Why does the CR, conditioned response, mysteriously change to a physiological reaction totally opposite to the UCR, the unconditioned response to heroin?

In fact, the connection between the conditioned stimulus or CS (tone or rat) and the unconditioned stimulus or UCS (food or loud noise) must make sense and be useful, otherwise an animal or human won't learn that connection.

Nothing but the truth of the rationality of the unconditioned mind gives such power to the ever-popular story of the emperor's new clothes.

The same applies to the series of causes, one being prior to the other, and to the series leading from conditioned to unconditioned necessary existence, which can never be regarded either by itself finite in its totality or infinite, because, as a series of subordinated representations, it forms a dynamical regressus only, and cannot exist prior to it, by itself, as a self-subsistent series of things.

The transcendental idea of a necessary and all-sufficient original Being is so overwhelming, so high above everything empirical, which is always conditioned, that we can never find in experience enough material to fill such a concept, and can only grope about among things conditioned, looking in vain for the unconditioned, of which no rule of any empirical synthesis can ever give us an example, or even show the way towards it.

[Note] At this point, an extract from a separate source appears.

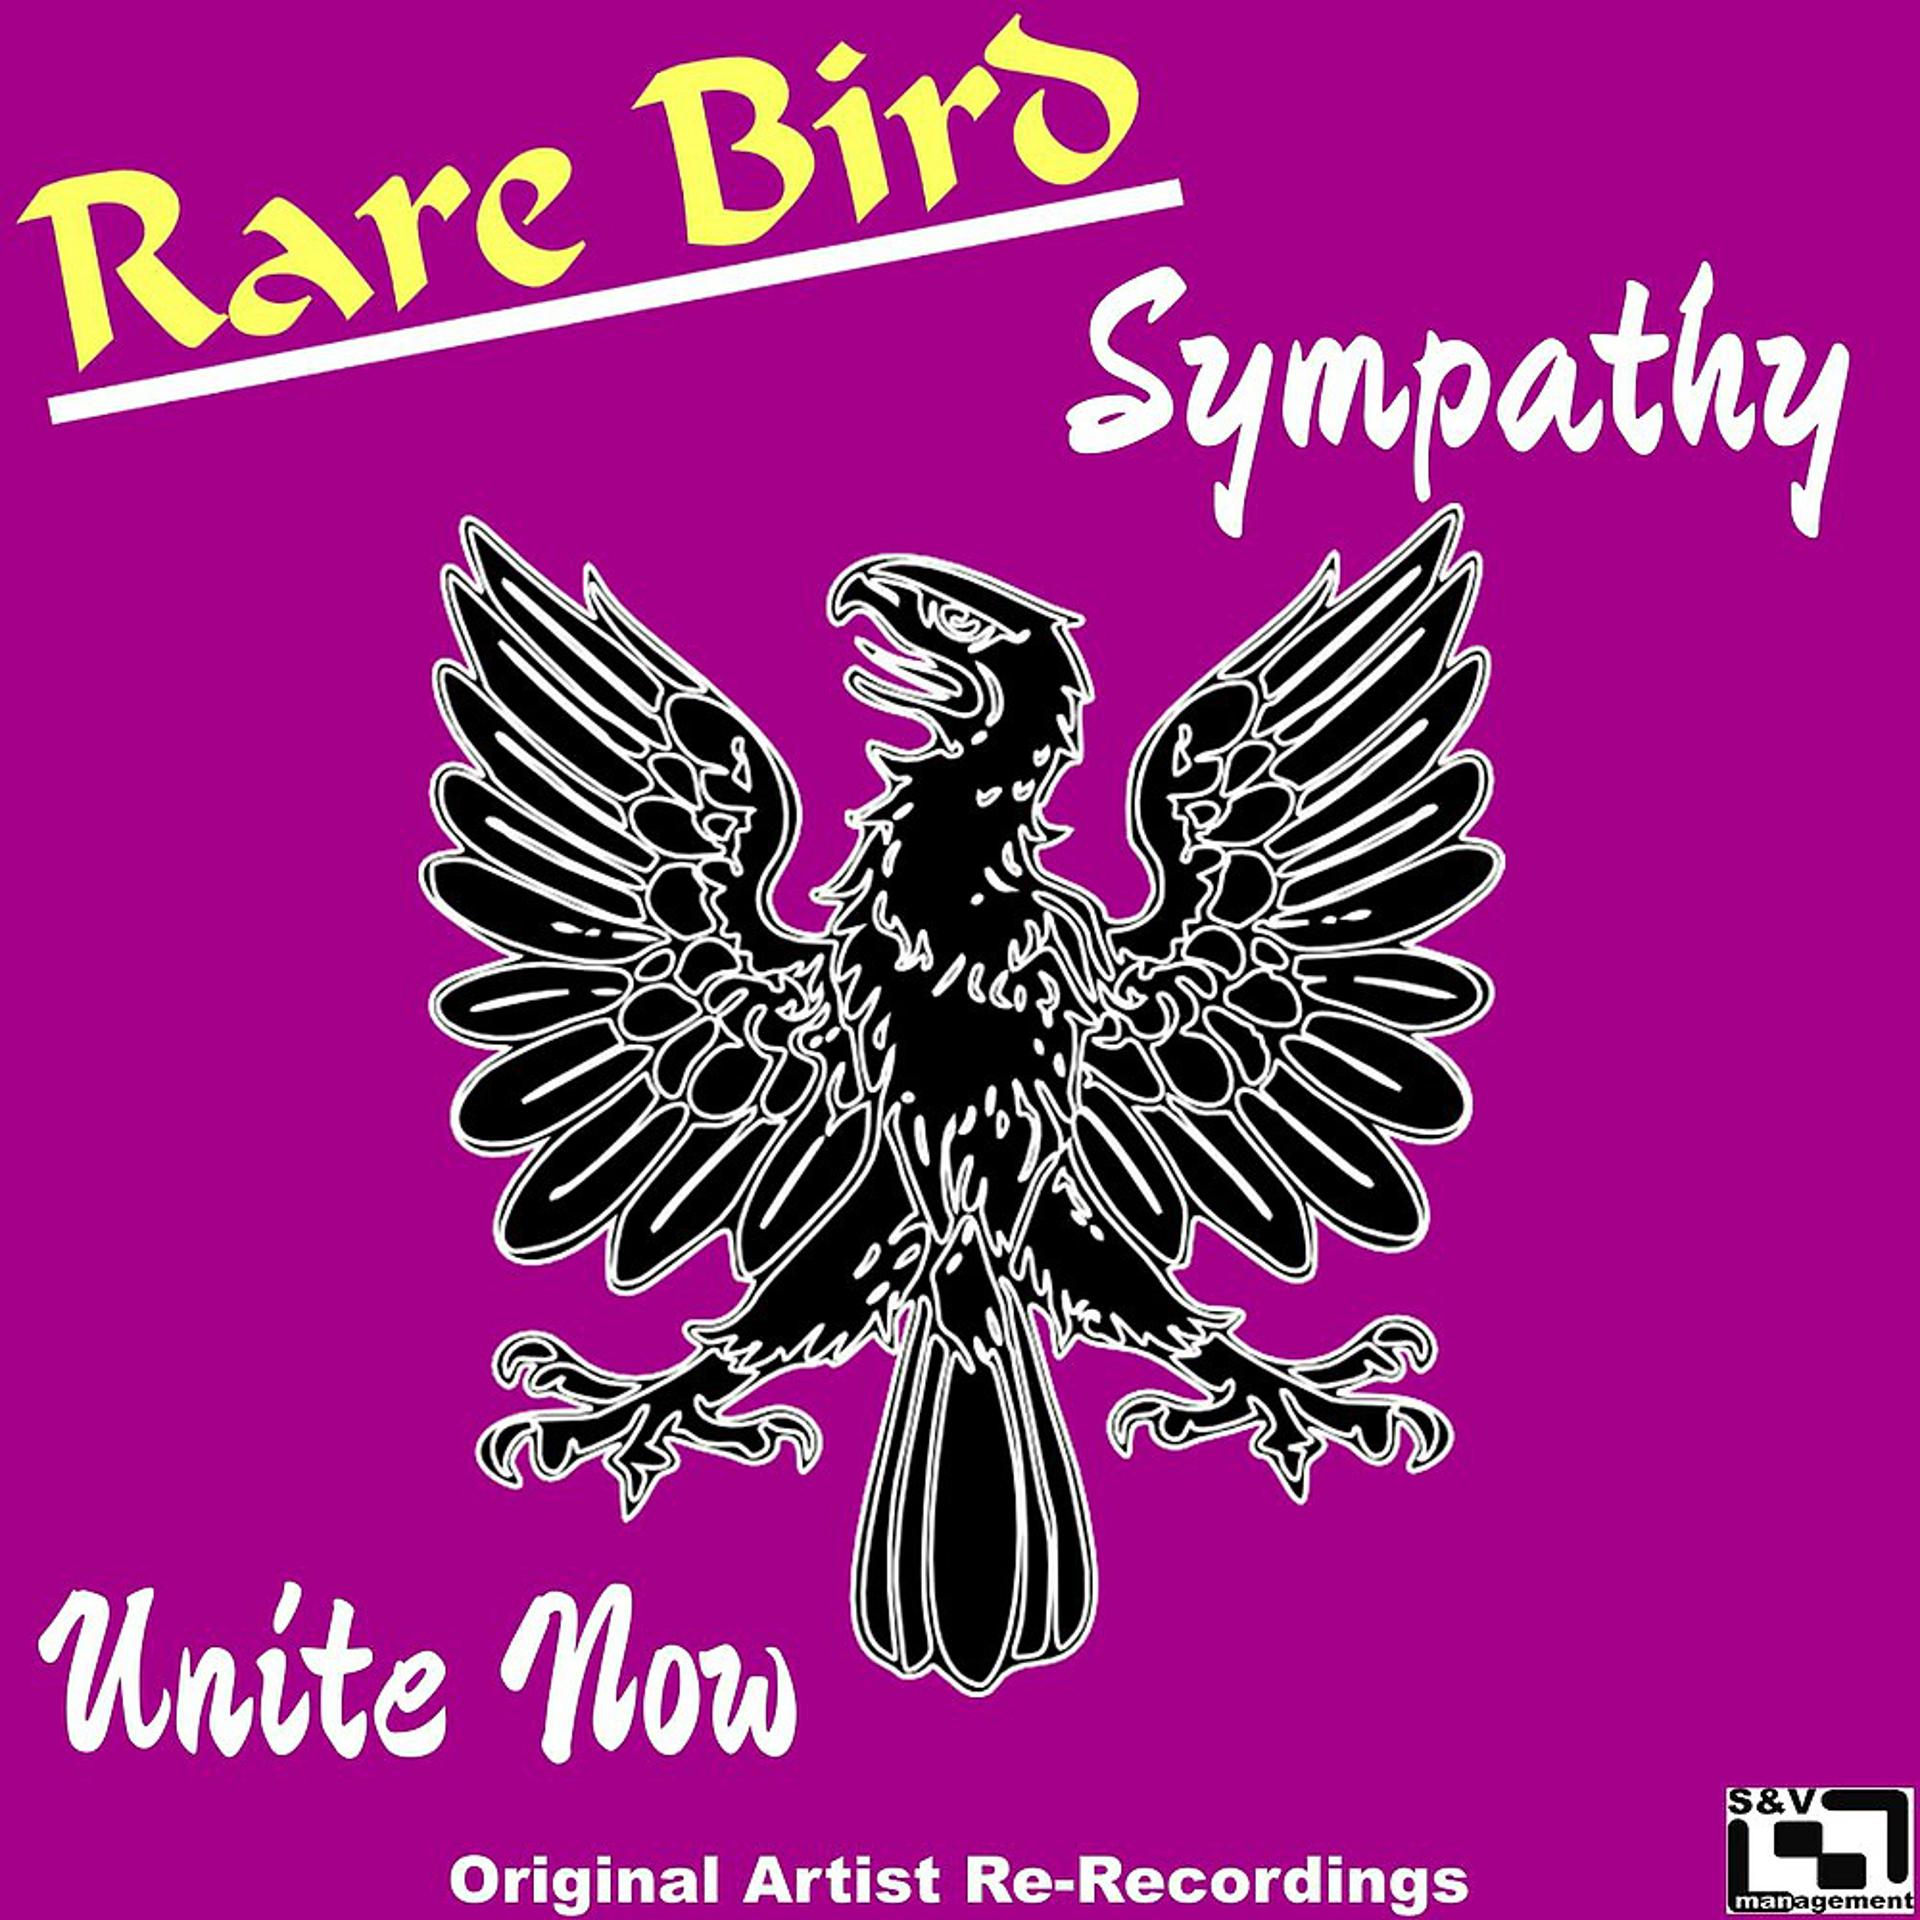 Birds unity. Sympathy rare Bird. Sympathy (rare Bird Song). Rare Bird Sympathy обложка. Versailles - Lyrical Sympathy.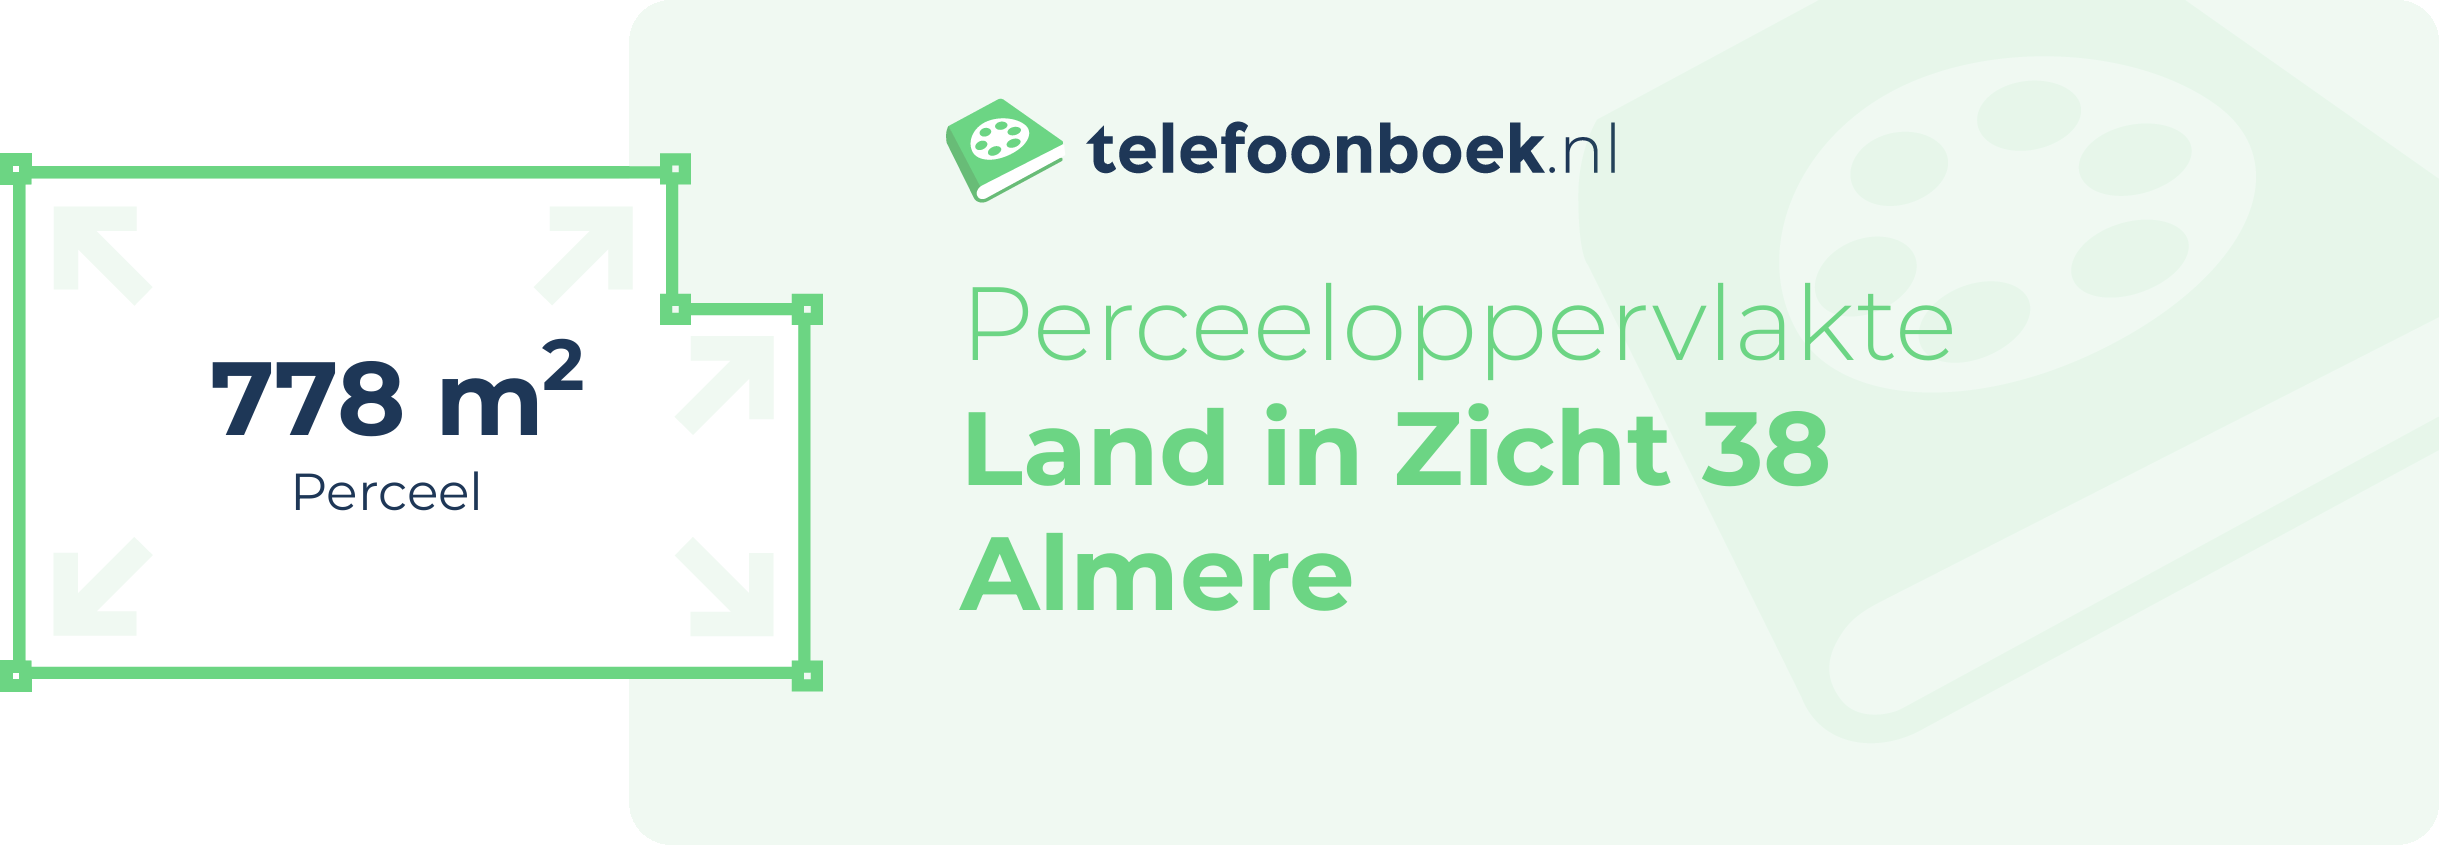 Perceeloppervlakte Land In Zicht 38 Almere

A rat can learn to cross a barrier between one side of a box and the other in response to a signal which consists merely of the train of impulses to the hippocampus as the unconditioned stimulus.

The task that is now before us in the transcendental Dialectic which has to be developed from sources deeply hidden in the human reason, is this: to discover the correctness or otherwise the falsehood of the principle that the series of conditions (in the synthesis of phenomena, or of objective thought in general) extends to the unconditioned, and what consequences result therefrom with regard to the empirical use of the understanding:—.